Abstract 255: Loss of Alk5 in Smooth Muscle Cells (SMCs) Causes Aortic Aneurysms Through an Aberrant Tgfbr2 Signal

Abstract

TGF-β signaling disorder has emerged as a cause for aortic aneurysm formation. However, mechanistic details of this disorder remain poorly defined. This study sought to understand the TGF-β signaling propagation and its impact on aortic structural homeostasis under conditions of receptor deficiency. An inducible gene deletion system driven by Myh11-CreER was utilized for selective removal of receptors Alk5, Tgfbr2, or both in SMCs, termed Alk5iko, Tgfbr2iko, and Alk5iko Tgfbr2iko, respectively. Alk5-floxed (Alk5f/f) mice served as controls. Animals (male, 9-11 weeks of age) were followed up to six months following gene deletion. Alk5iko caused progressive aortic enlargement (ultrasound scan). In four weeks, 23% of animals (n=42) died from aortic rupture, with the survivals all showing severe aneurysmal degeneration at locations of ascending (100%), descending (43%) and/or suprarenal (50%) aortas. Surprisingly, Tgfbr2iko in age-matched males (n=26) was well tolerated. Neither rupture nor aortic dilation was noted in four weeks. Evidence of aortic pathology was limited to scattered elastic fiber breaks. To evaluate the role of TGF-β in aortic aneurysm formation in Alk5iko animals, we deleted Tgfbr2 simultaneously with Alk5. The additional Tgfbr2iko completely recused aortic rupture, attenuated aortic dilation from 68% to 25%, and significantly improved aortic histology.
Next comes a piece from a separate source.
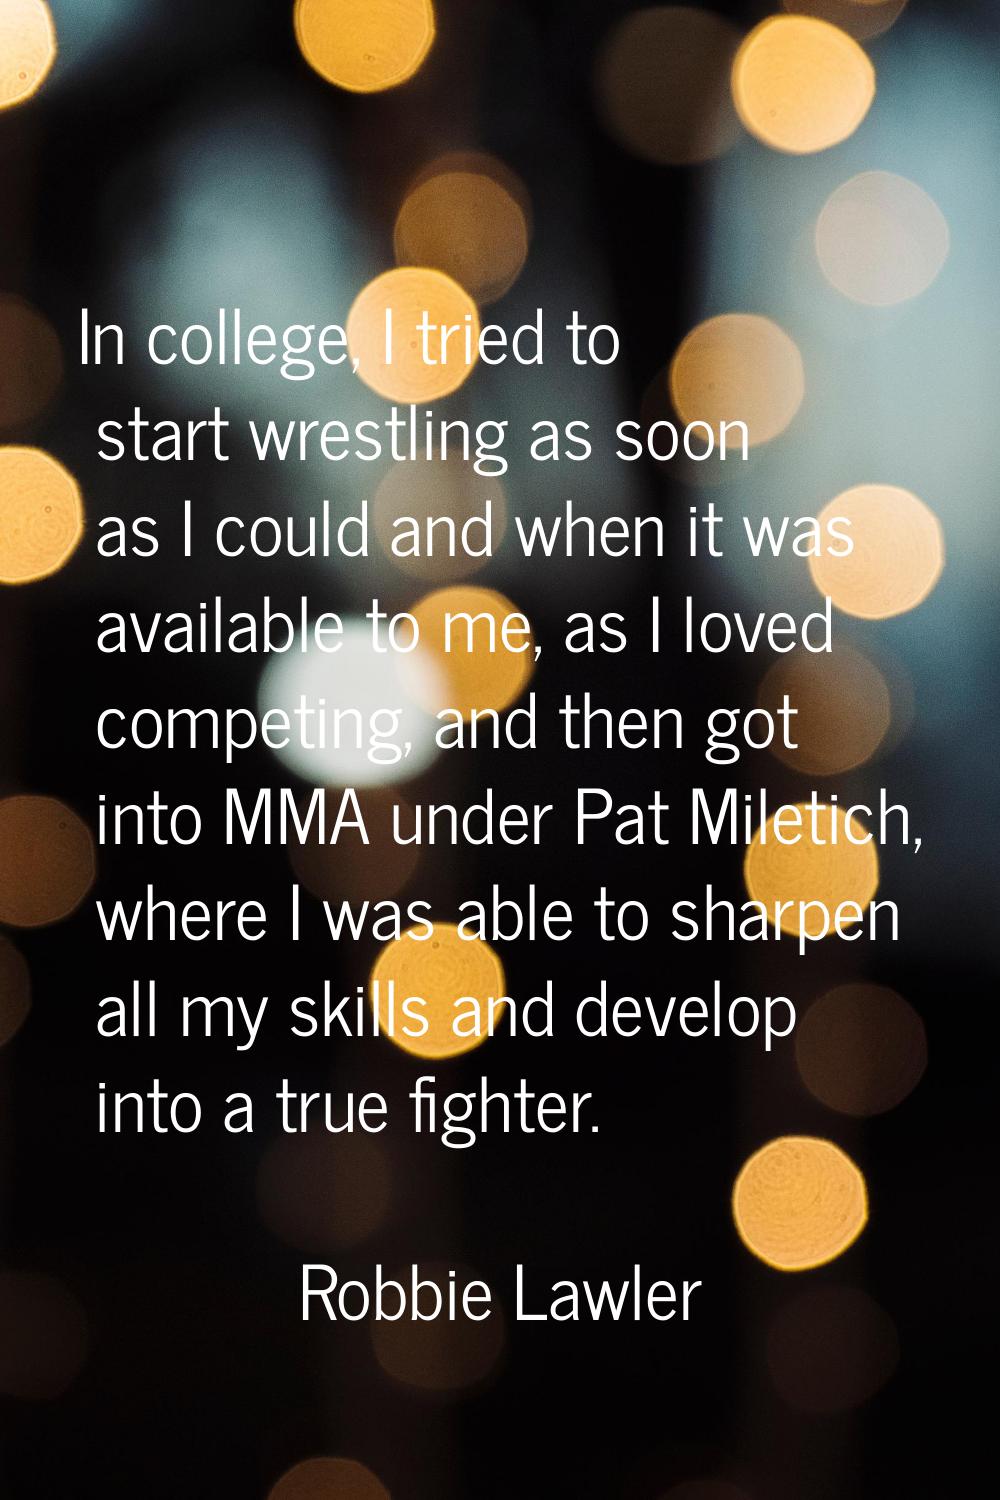 In college, I tried to start wrestling as soon as I could and when it was available to me, as I lov

Compared to the Alk5f/f controls, Alk5iko, Tgfbr2iko, and Alk5iko Tgfbr2iko aortas all displayed a similar but reduced level of Smad2 phosphorylation at various time points, indicating that loss of the canonical TGF-β signal is not the primary driver for the aortic phenotype of Alk5iko aortas. Meanwhile, the Alk5iko aortas produced 3-fold more pERK than Alk5f/f controls, and this elevation was completely abolished by the additional Tgfbr2 deletion. Pharmaceutical treatment of the Alk5iko mice with ERK inhibitor RDEA-119 significantly inhibited aortic dilation and prevented aortic wall from degeneration while those treated with vehicle control exhibited aortic dilation and intimal/medial tears. In conclusion, loss of Alk5 in SMCs triggers a non-Alk5 but Tgfbr2 dependent signal that promotes aortic aneurysm formation through exacerbating ERK activity.